What to do: In the copy of the lines below, leave out pictures and print everything else exactly.

Task input:
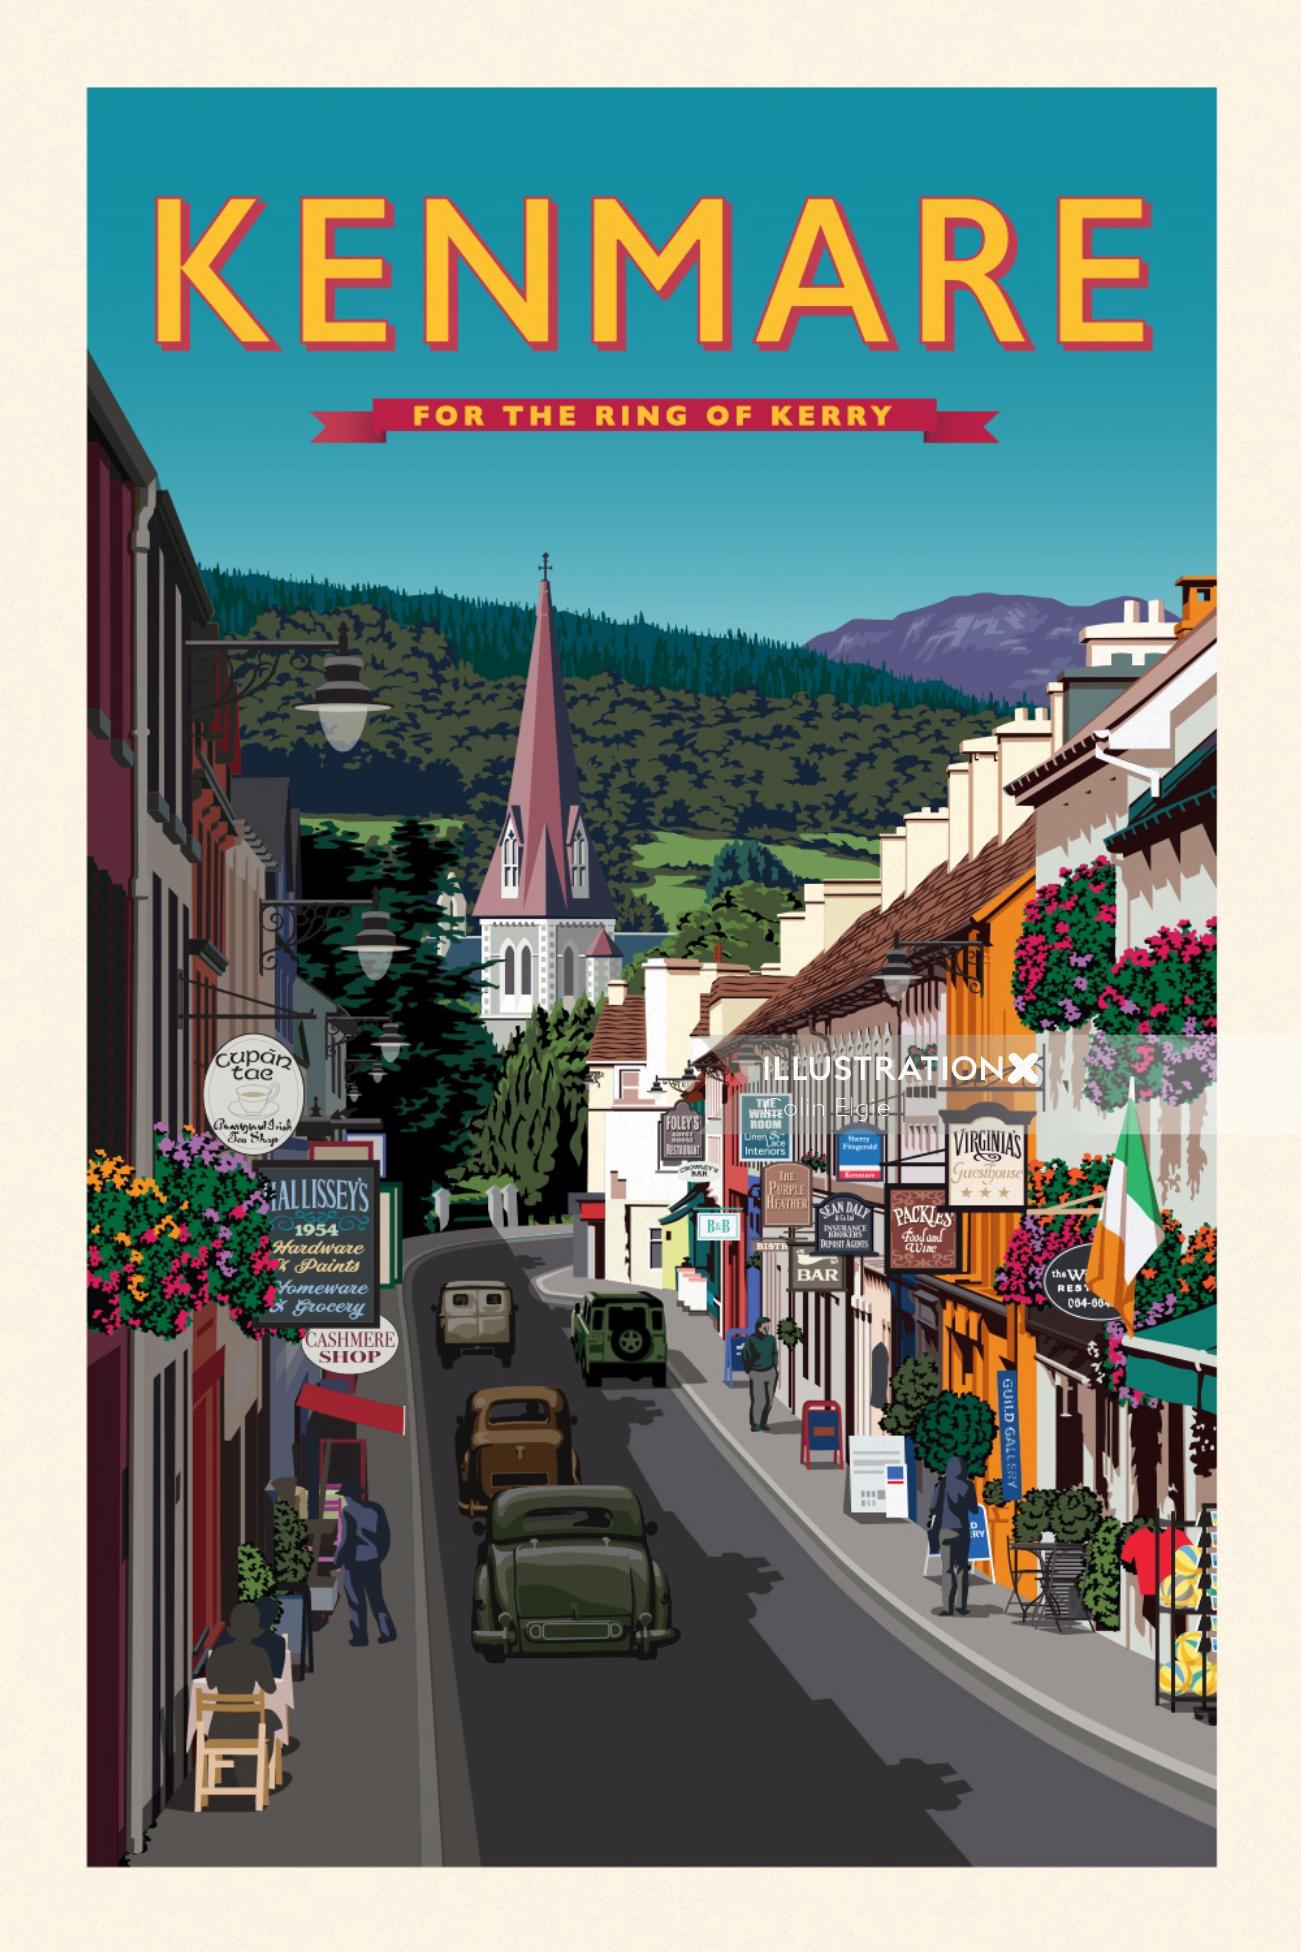 Poster for Kenmare showing a colourful shopping street with old vintage cars on the road.
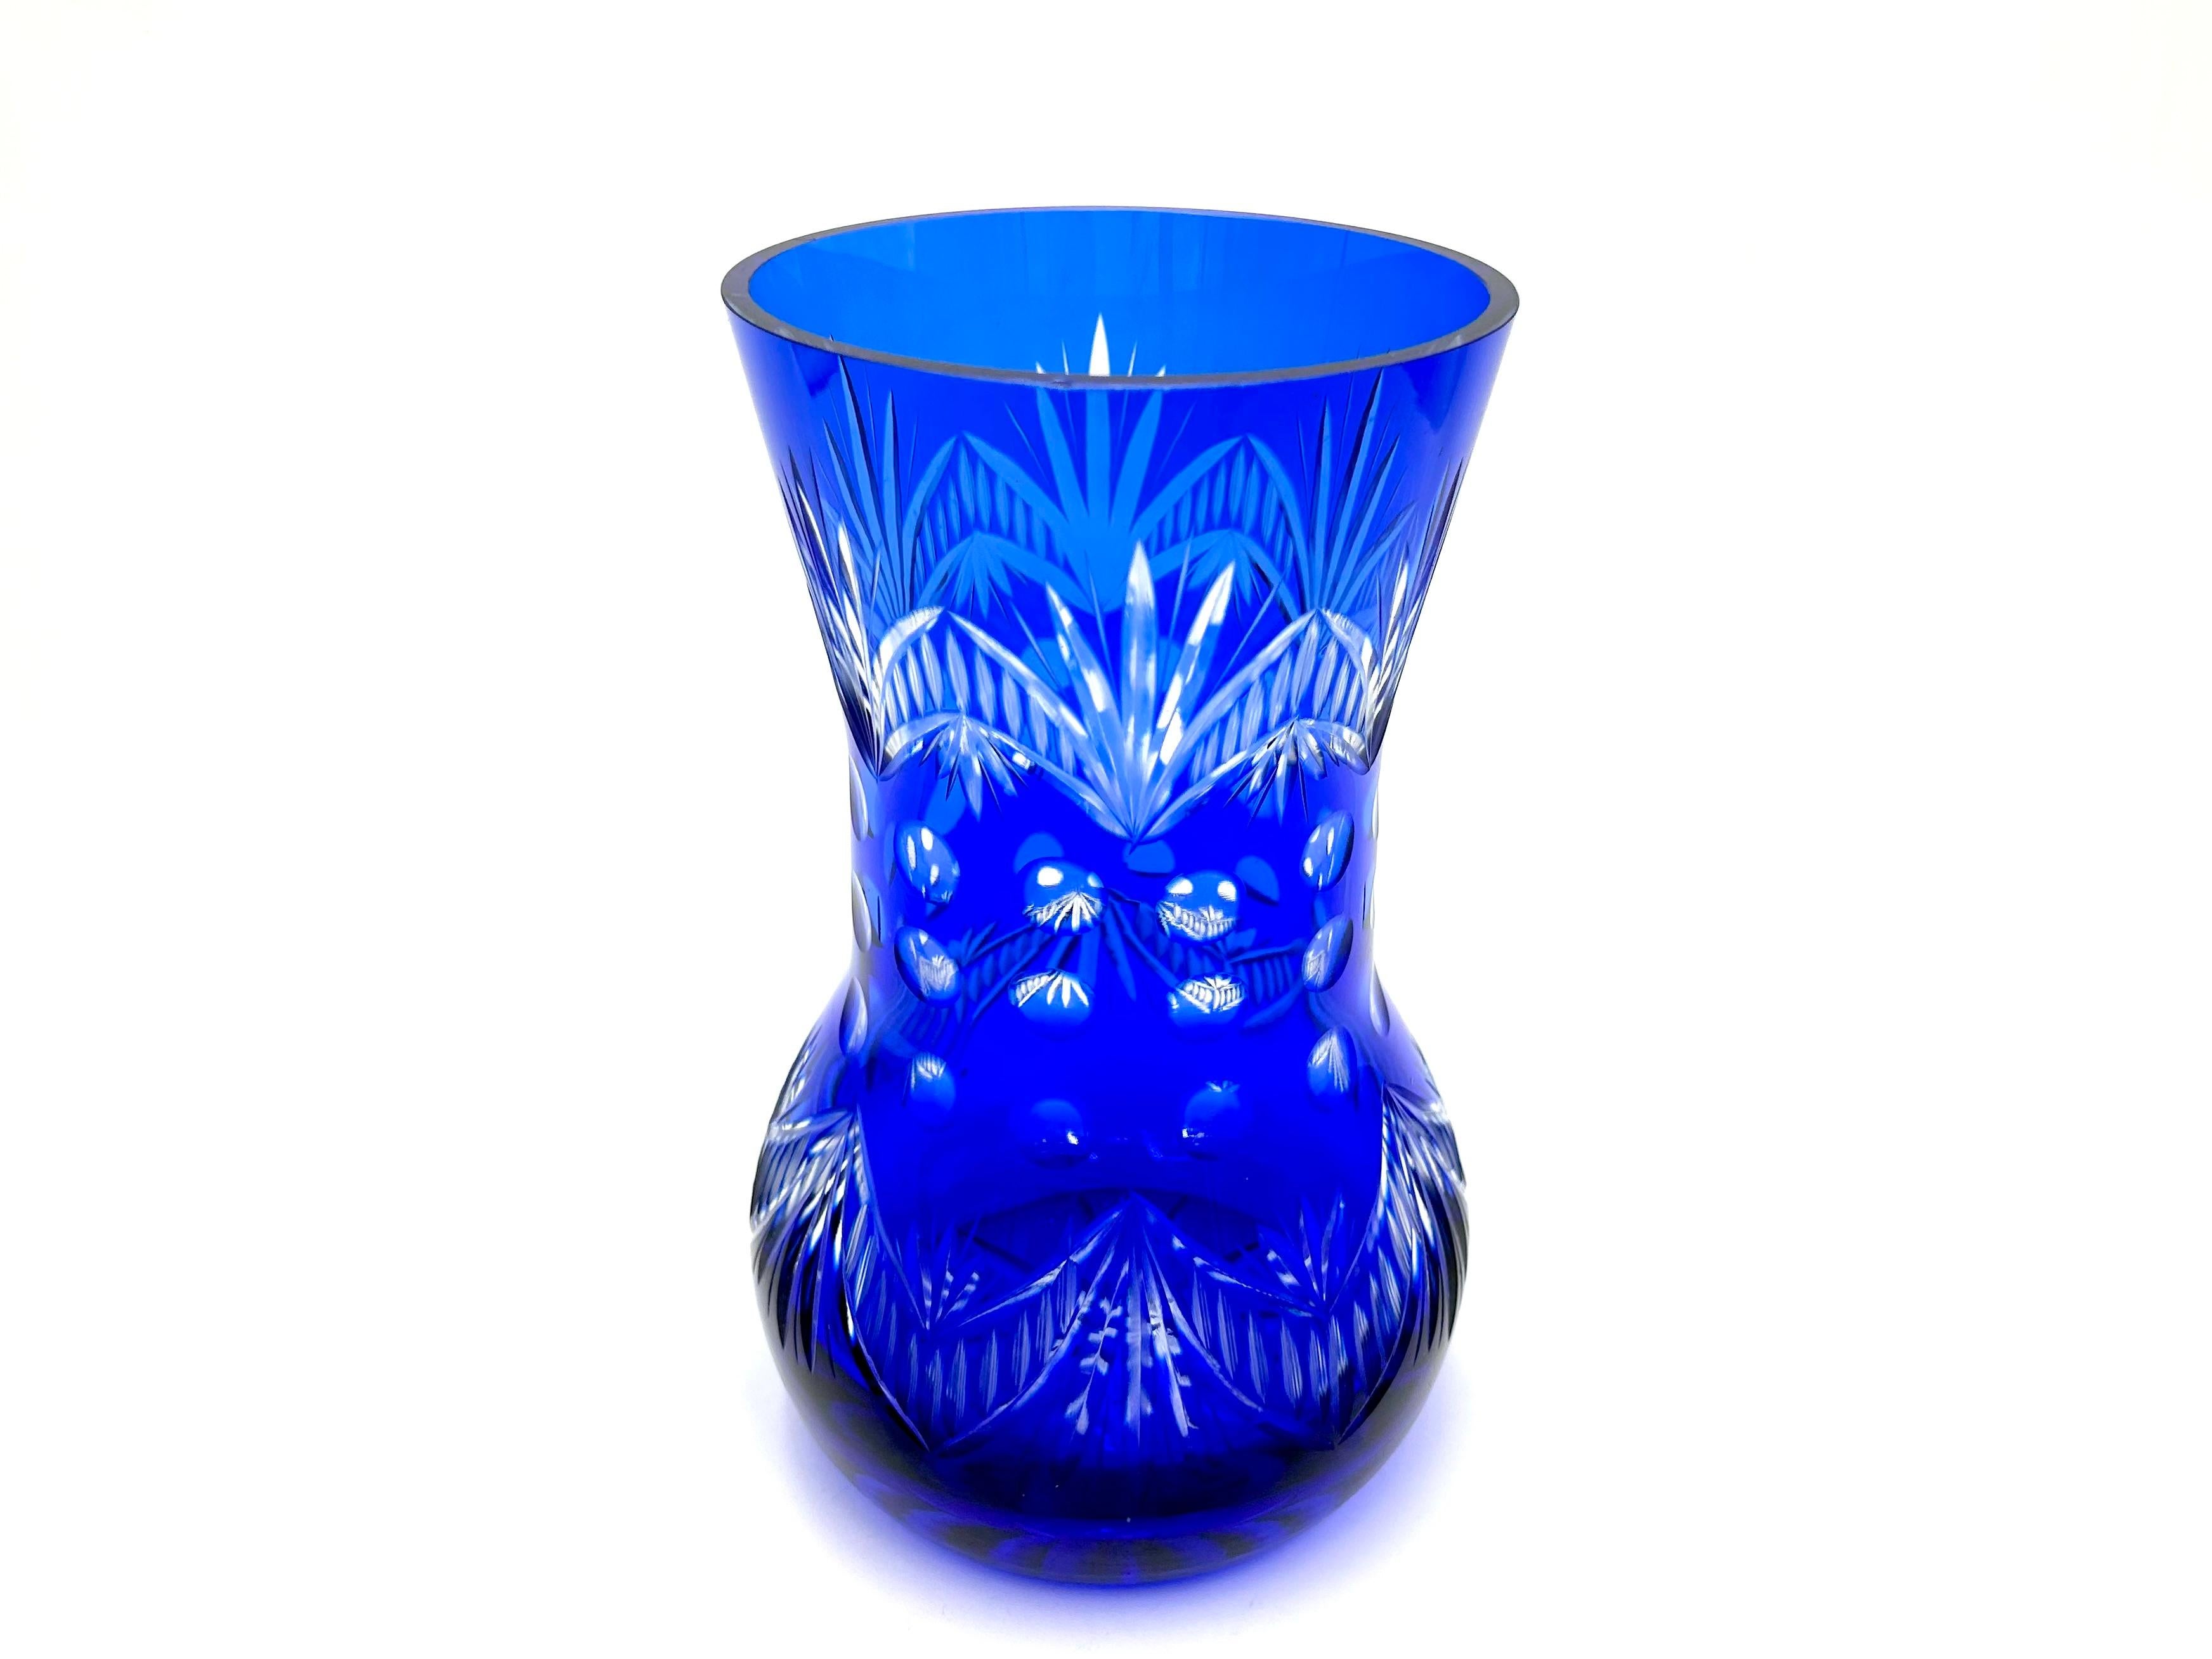 Cobalt crystal vase

Made in Poland in the 1960s.

Very good condition, no damage

height 22 cm, diameter 12 cm

The completed task:
 Poster for Kenmare showing a colourful shopping street with old vintage cars on the road.
 Cobalt crystal vase

Made in Poland in the 1960s.

Very good condition, no damage

height 22 cm, diameter 12 cm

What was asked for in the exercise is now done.